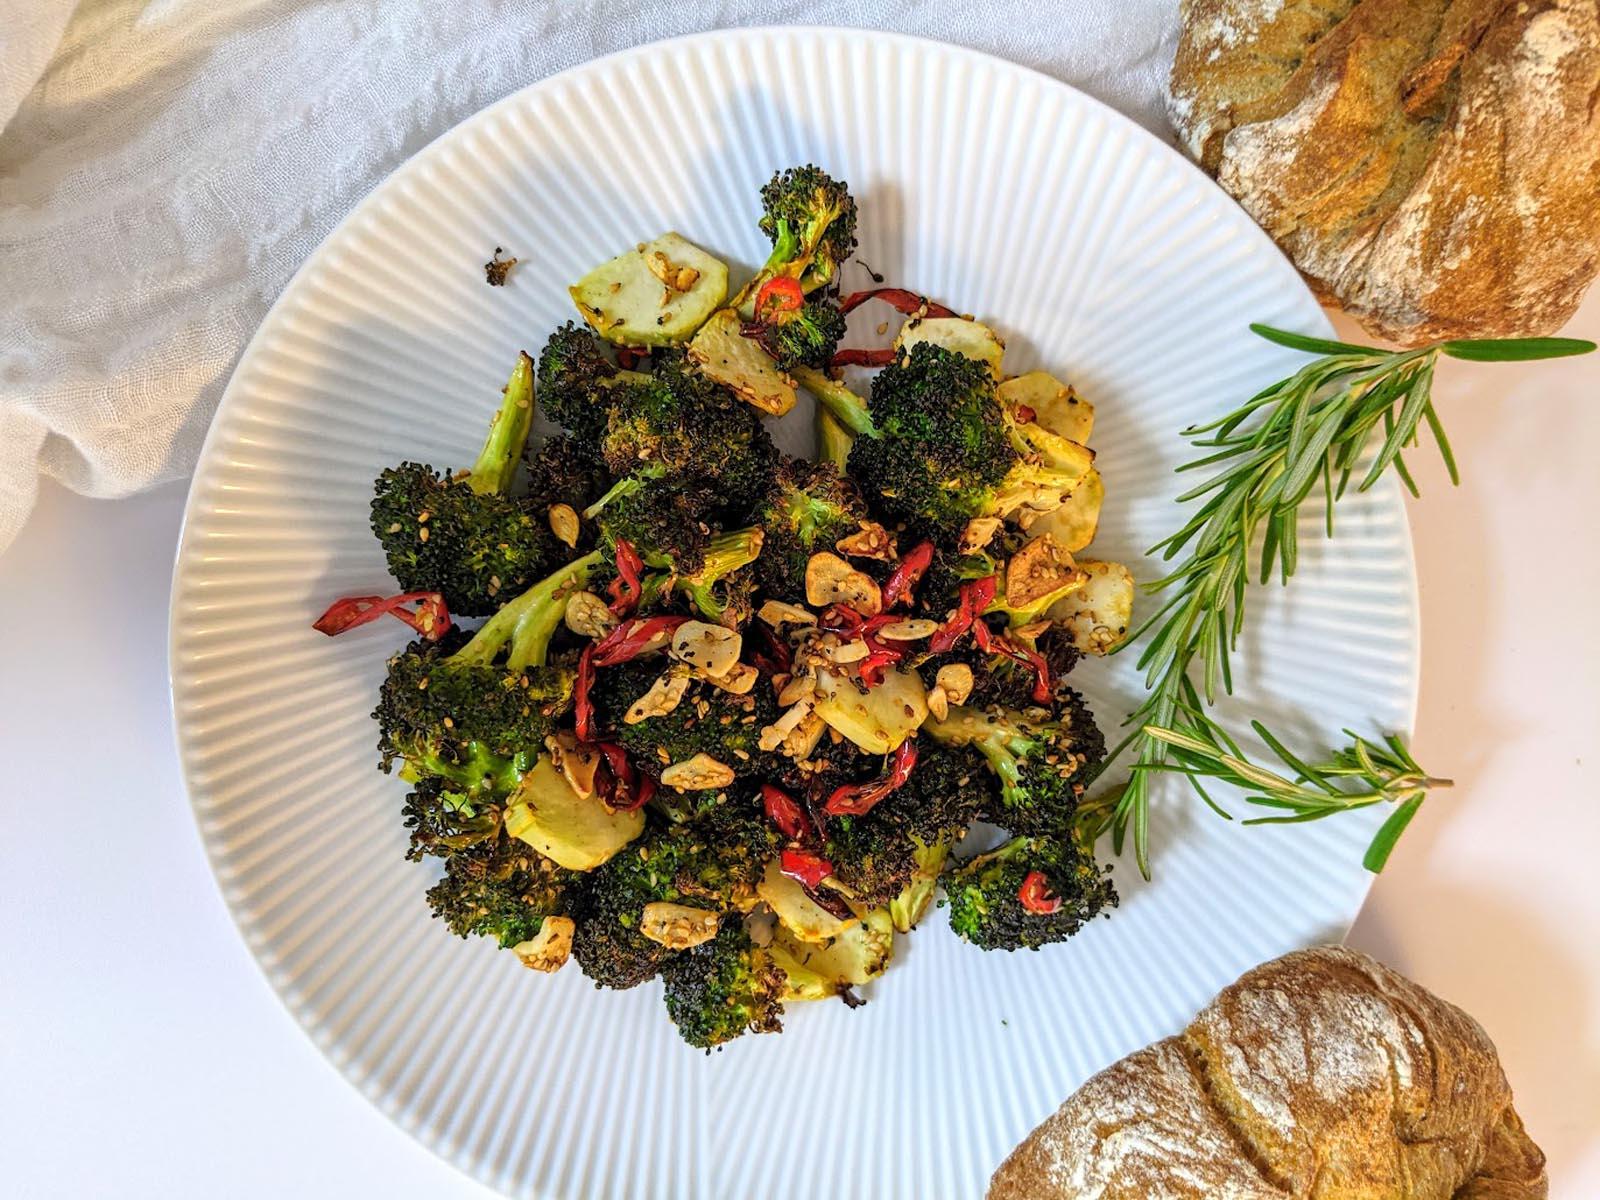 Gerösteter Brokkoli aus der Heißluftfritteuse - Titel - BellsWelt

==

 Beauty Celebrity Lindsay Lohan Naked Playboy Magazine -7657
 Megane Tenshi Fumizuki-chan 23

---

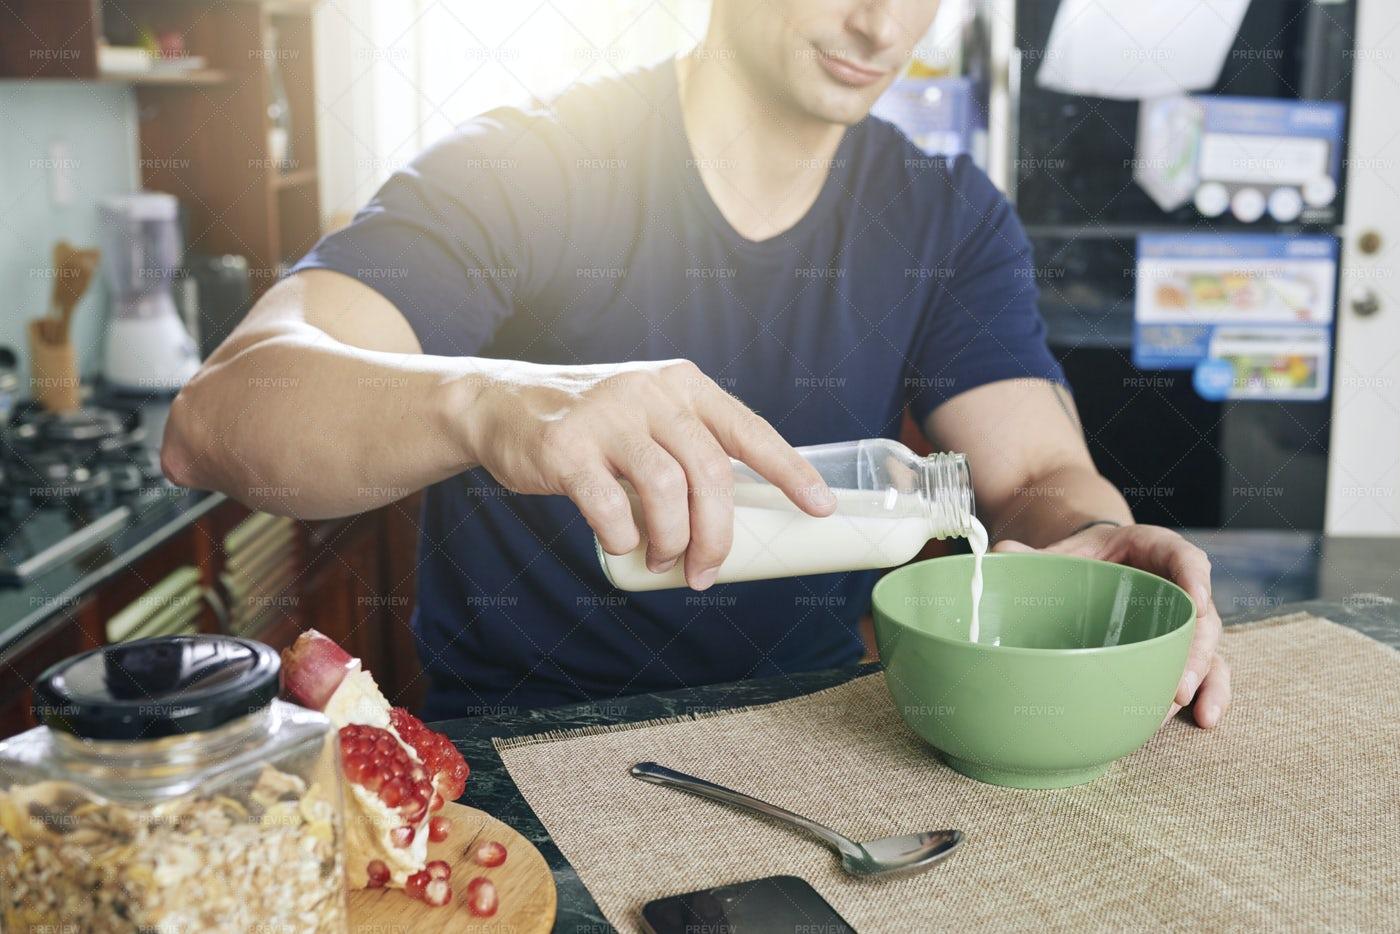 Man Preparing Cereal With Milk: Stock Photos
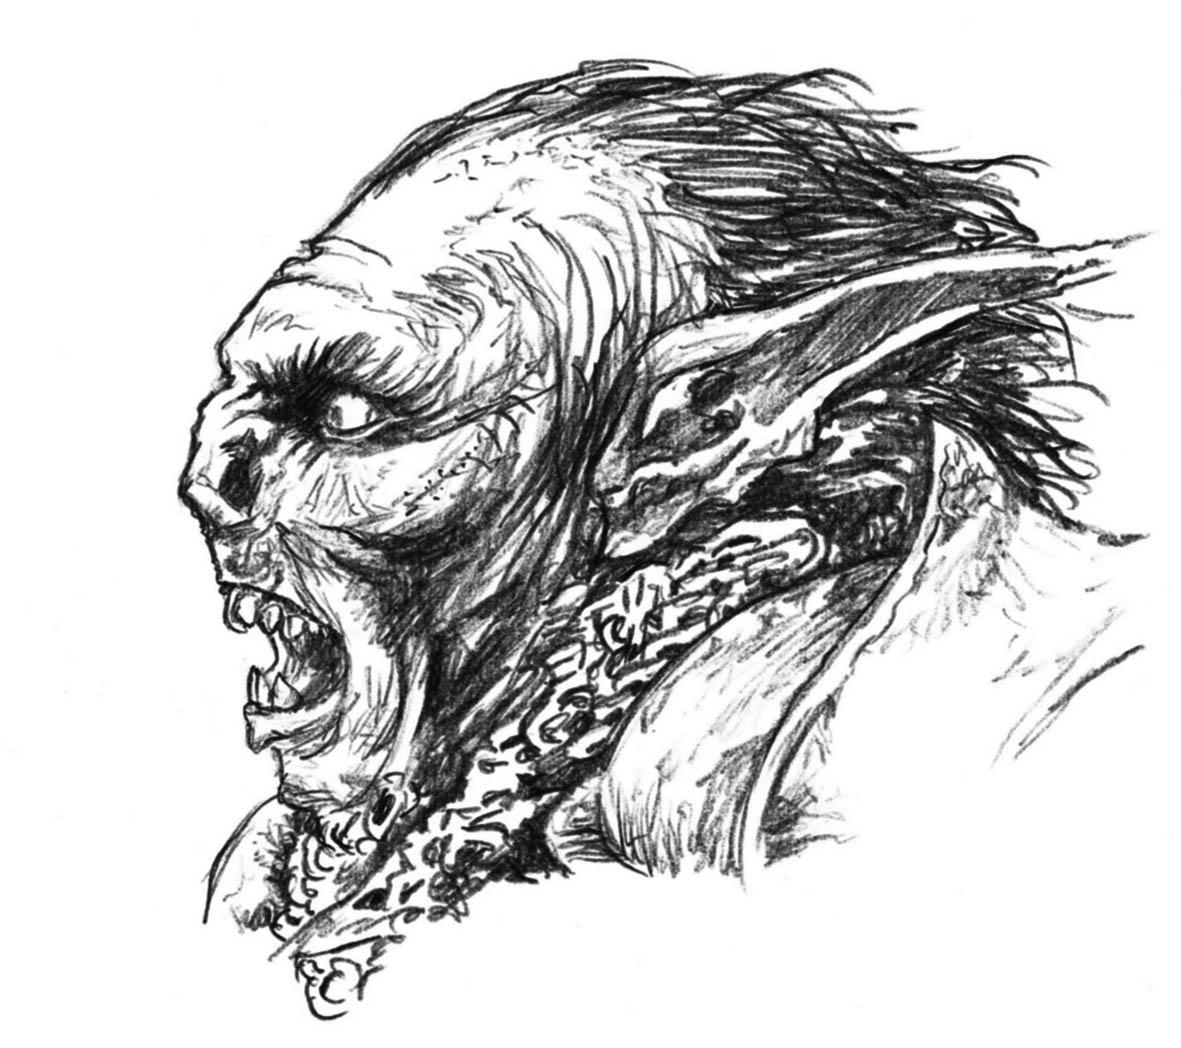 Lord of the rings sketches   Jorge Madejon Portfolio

**Task to carry out**
Could you transcribe the entries above word for word, from the line with "Beauty Celebrity Lindsay" down to the line with "Megane Tenshi Fumizuki-chan 23", keeping both?

**Solution below**
 Beauty Celebrity Lindsay Lohan Naked Playboy Magazine -7657
 Megane Tenshi Fumizuki-chan 23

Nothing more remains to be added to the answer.